The digit is the position, the location of the digit in the record of a natural number.

Each digit has its own name. The most significant digits are always on the left, and the least significant ones are on the right. To remember faster, you can use a table.

The number of digits always corresponds to the number of digits in the number. This table contains the names of all digits for a number that consists of 15 characters. The following digits also have names, but they are used extremely rarely.

The lowest (lowest) digit of a multi-digit natural number is the units digit.

The highest (highest) digit of a multi-digit natural number is the digit corresponding to the leftmost digit in the given number.

You must have noticed that textbooks often put small spaces when writing multi-digit numbers. This is done so that natural numbers are easy to read. And also to visually separate different classes of numbers.
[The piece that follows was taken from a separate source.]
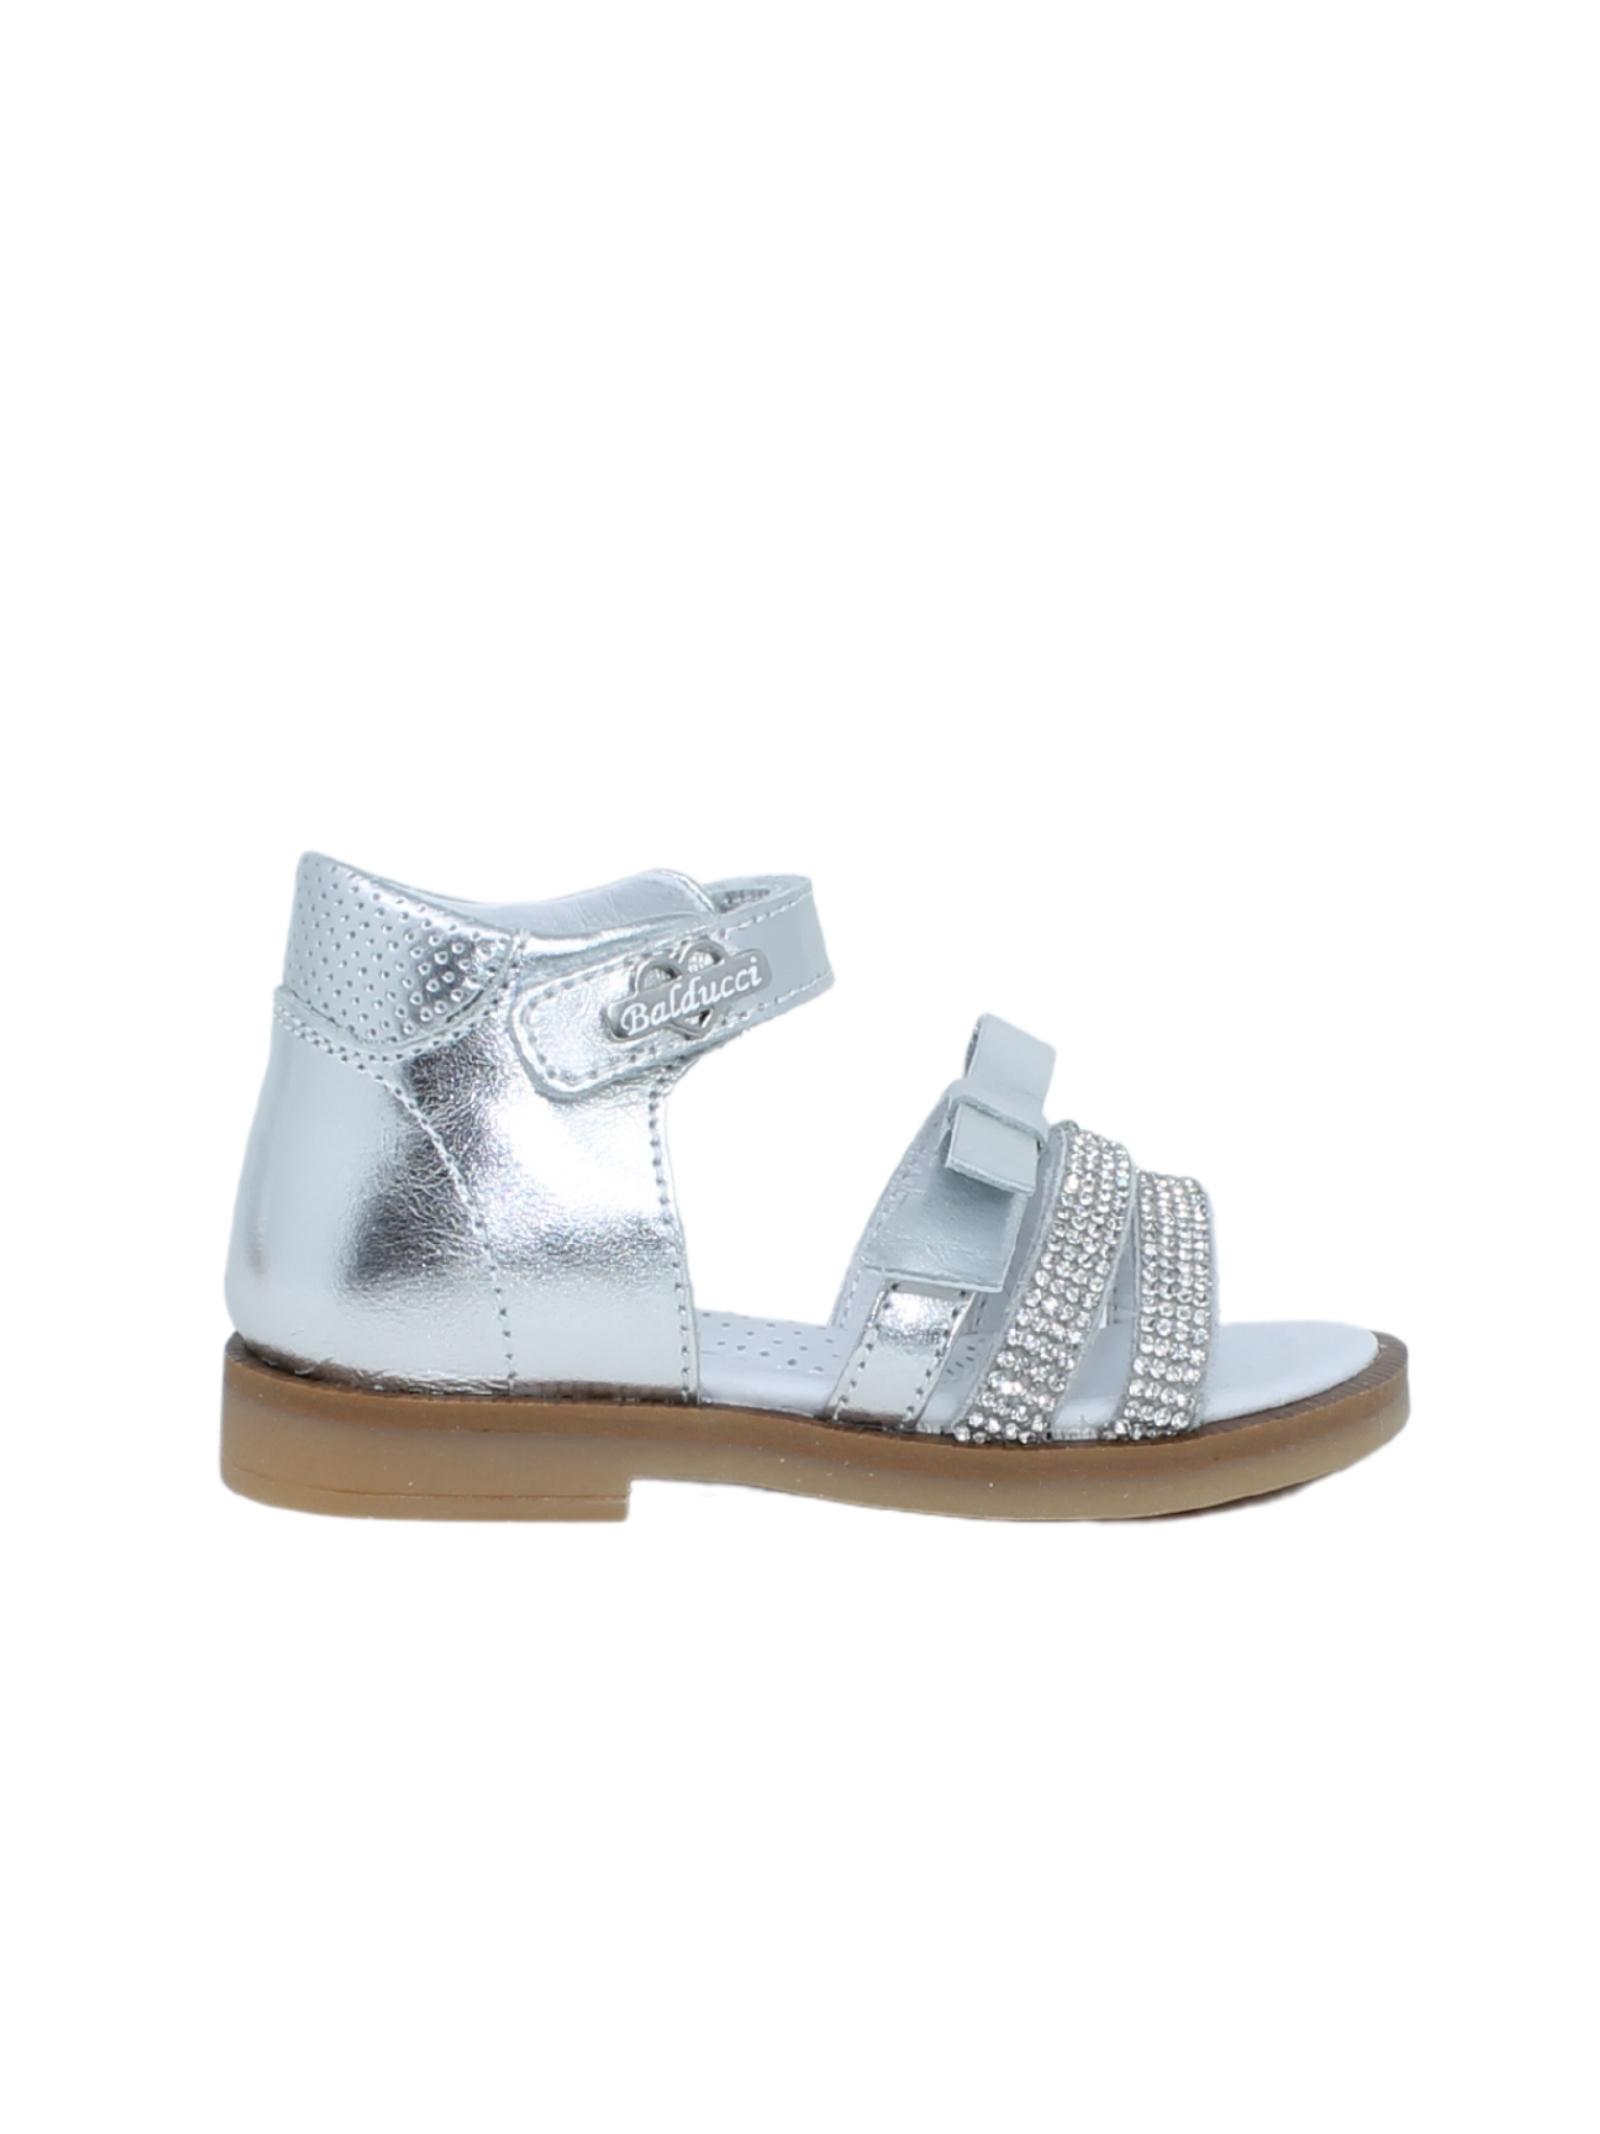 BALDUCCI | Sandals | CITA4802B13905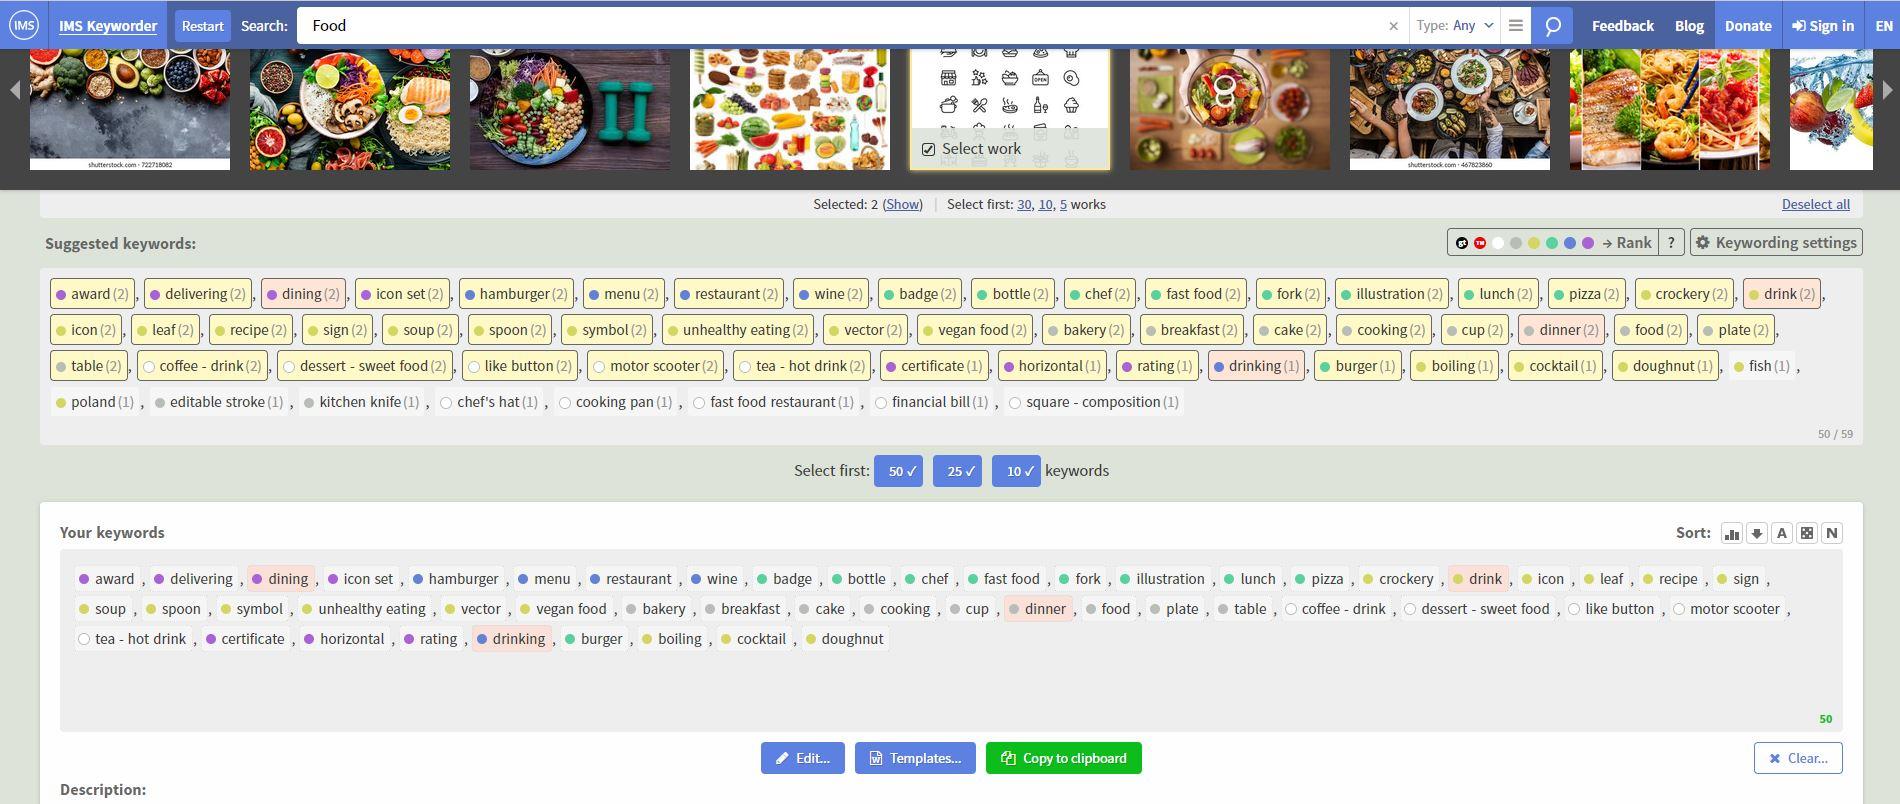 mencari keyword food di https://imstocker.com/en/keyworder

Class is a group of digits that contains three digits: units, tens and hundreds.

Decimal

People at different times used different methods of writing numbers. And each number system has its own rules and features.

Decimal number system is the most common number system in which ten digits are used to write numbers: 0, 1, 2, 3, 4, 5, 6, 7, 8, 9.

In the decimal system, the value of one and of the same digit depends on its position in the number entry.